» **About this exercise**
Below is a listing; retype exactly the line with "С днем рождения анна поздравления женщине" and every line after it through the end, and only those, leaving out the pictures.

» **Source data**
- - -

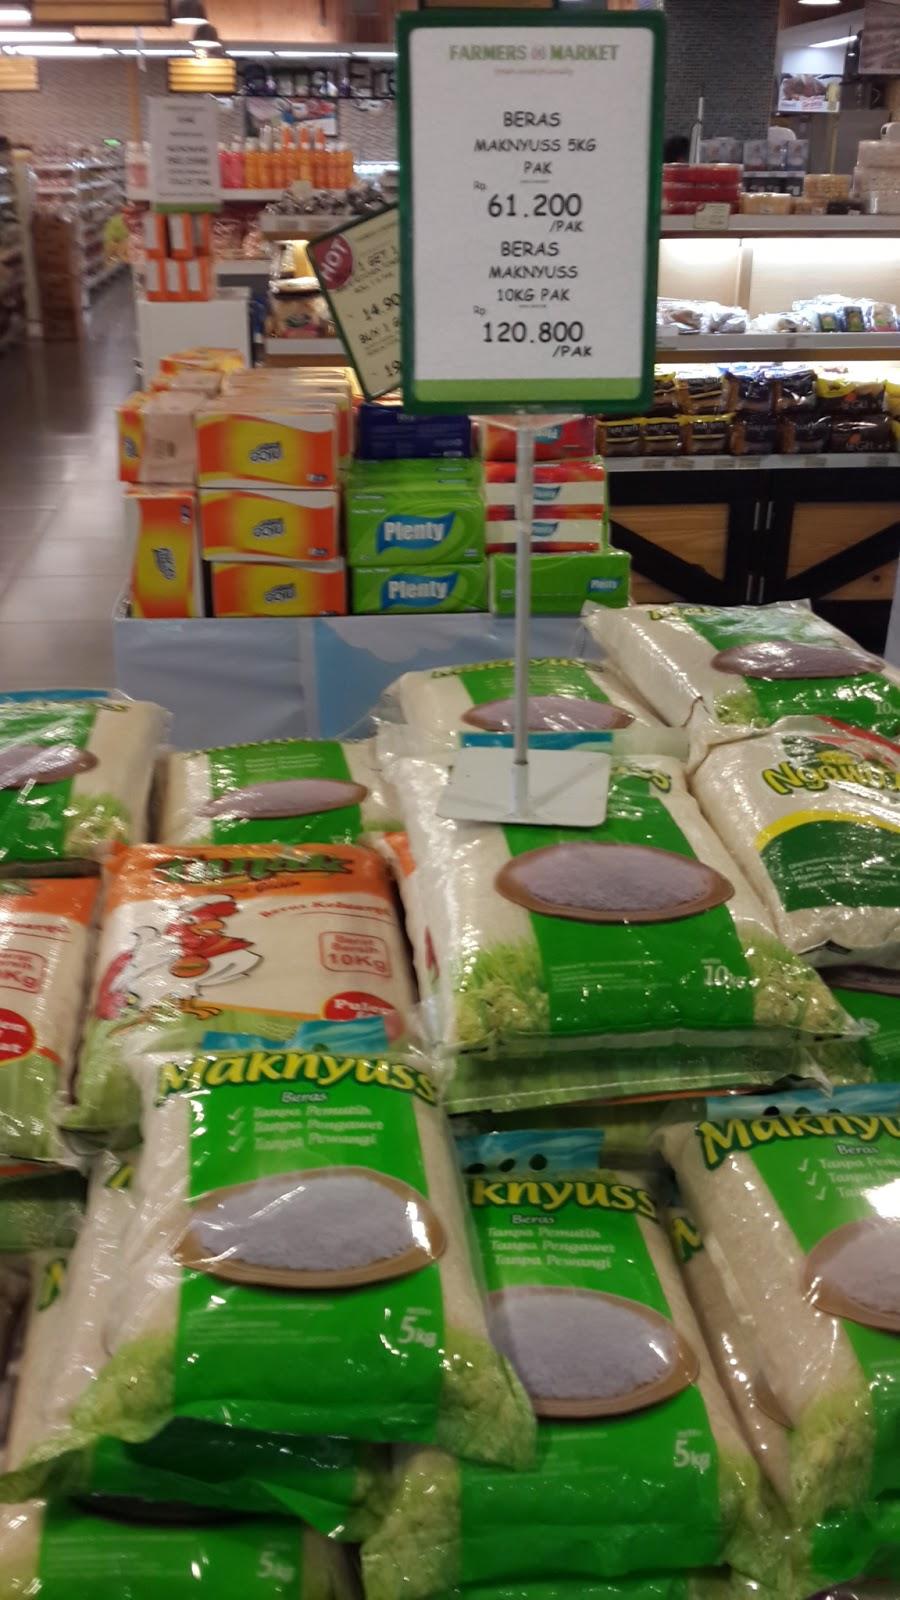 Harga Beras Maknyuss 5 Kg Di Alfamart Sania 5kg Promo Premium Lottemart Lalu Yang Kedua Saya Hunting
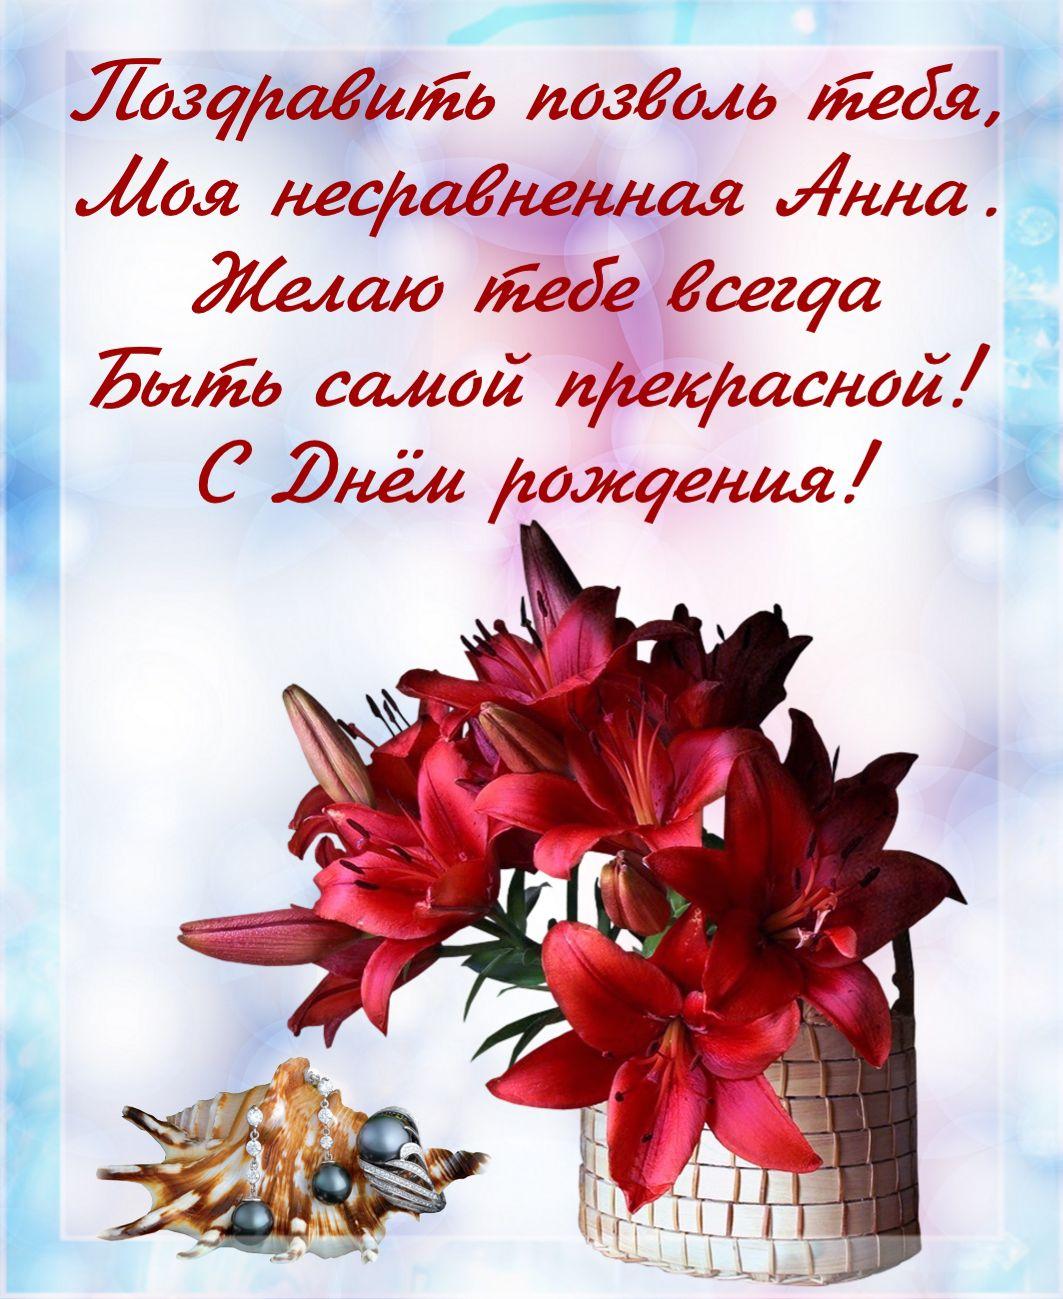 С днем рождения анна поздравления женщине
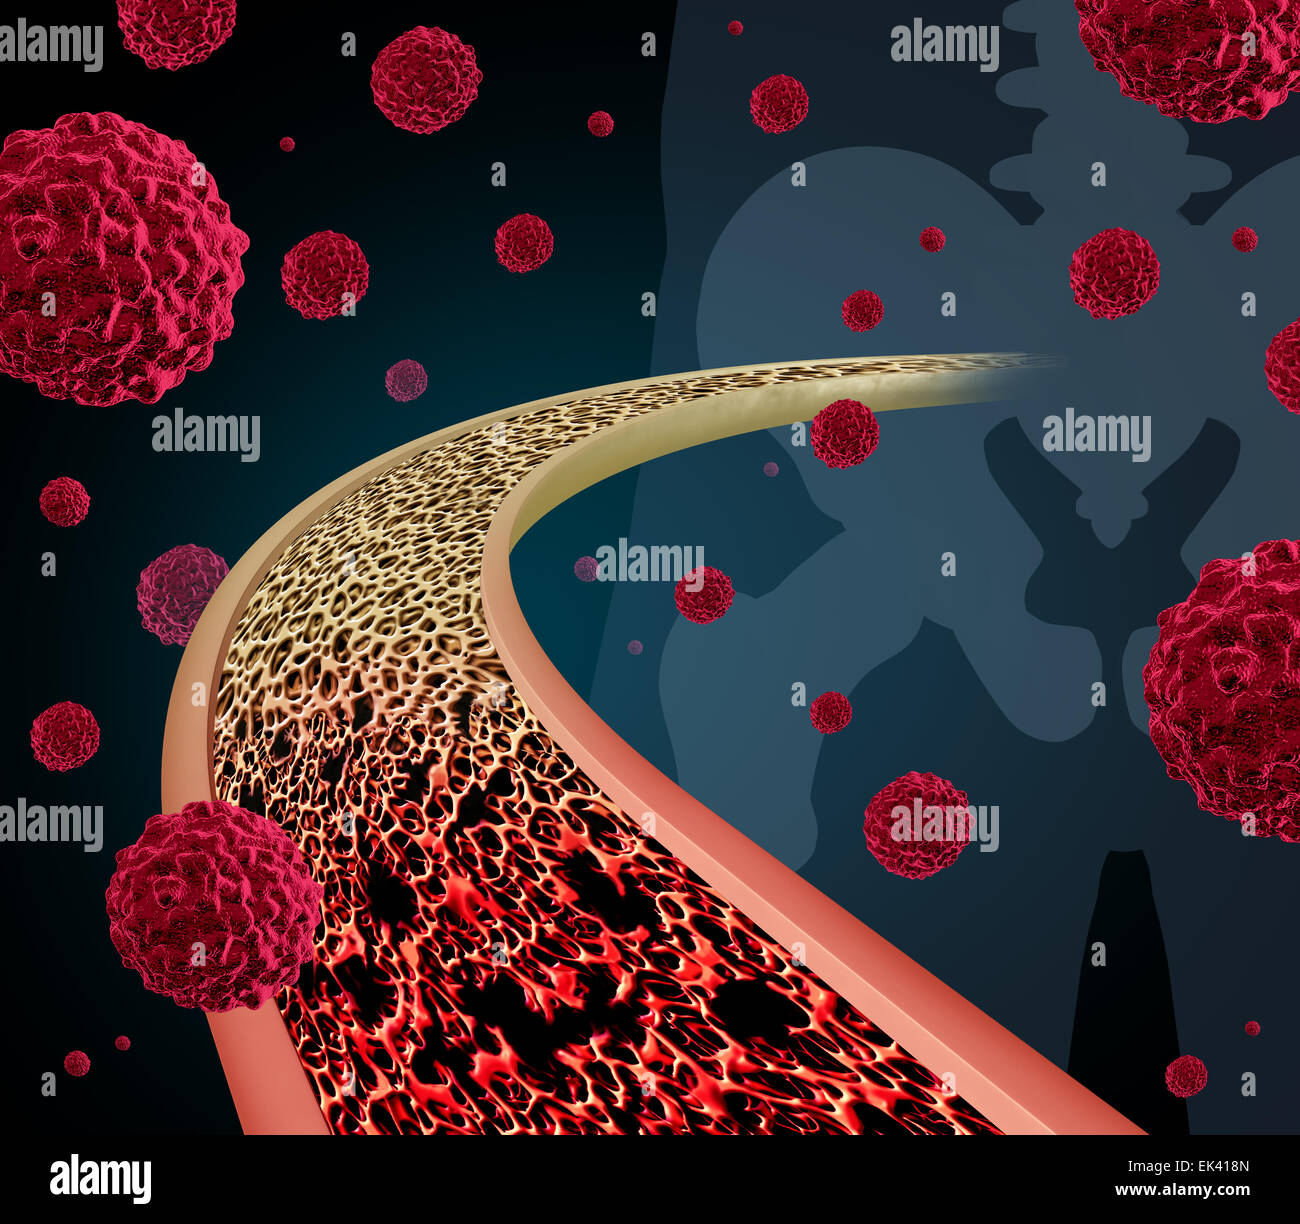 Le cancer des os concept illustration comme un gros plan schéma de l'intérieur d'un os humain Photo Stock
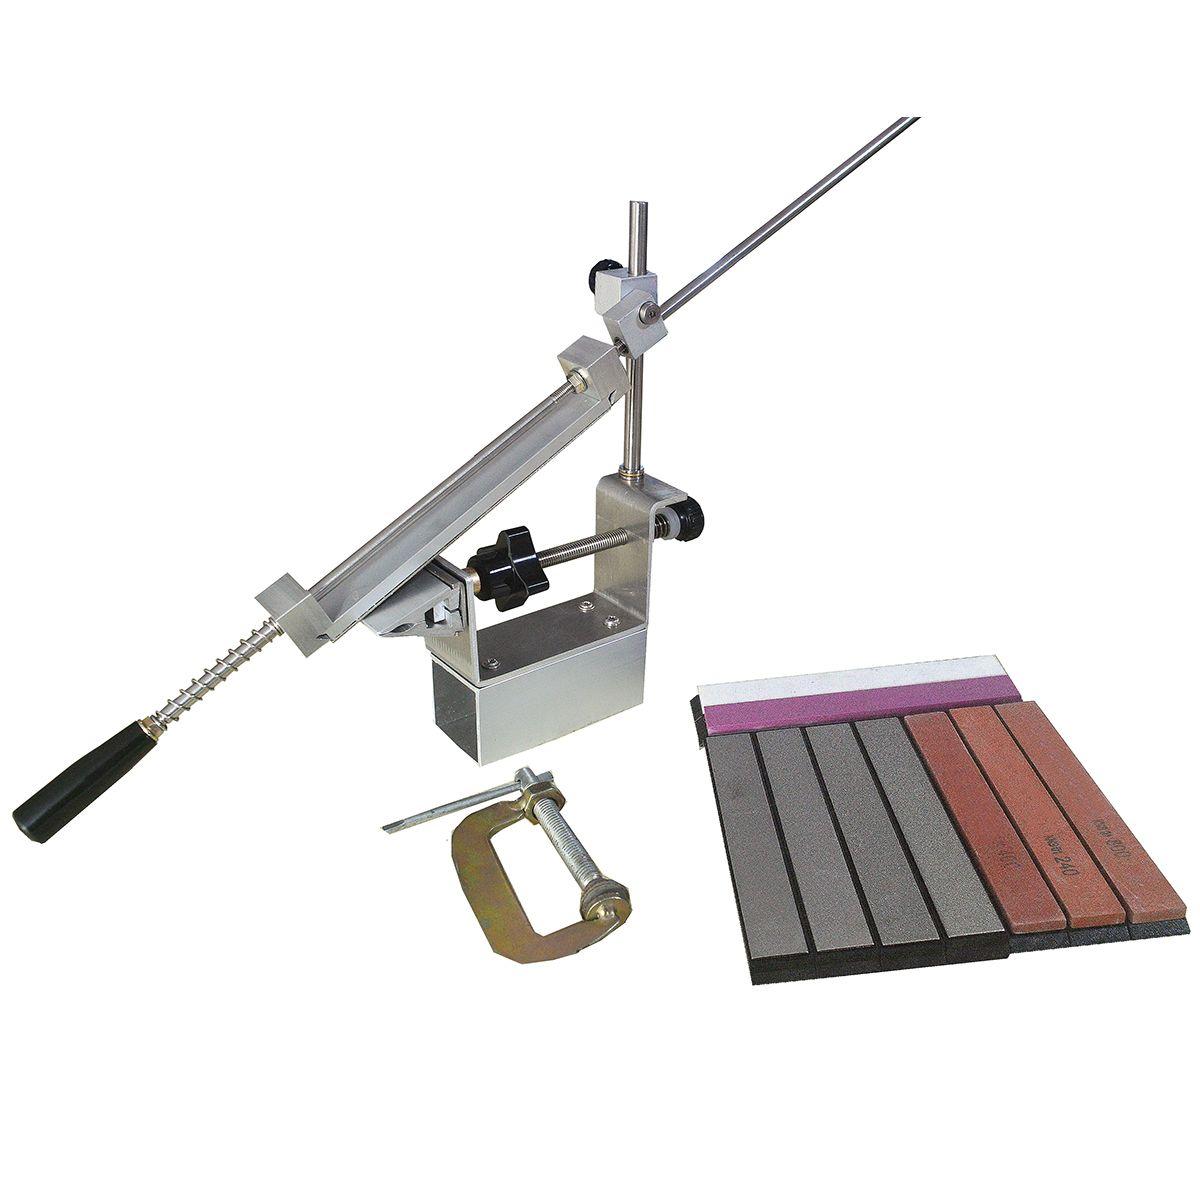 Affûteuse de couteau professionnel plus grand degré plus récent Portable 360 degrés Rotation clip Apex bord bord KME système 1 diamant pierre

- - -

» **Response**
 С днем рождения анна поздравления женщине
 Le cancer des os concept illustration comme un gros plan schéma de l'intérieur d'un os humain Photo Stock
 Affûteuse de couteau professionnel plus grand degré plus récent Portable 360 degrés Rotation clip Apex bord bord KME système 1 diamant pierre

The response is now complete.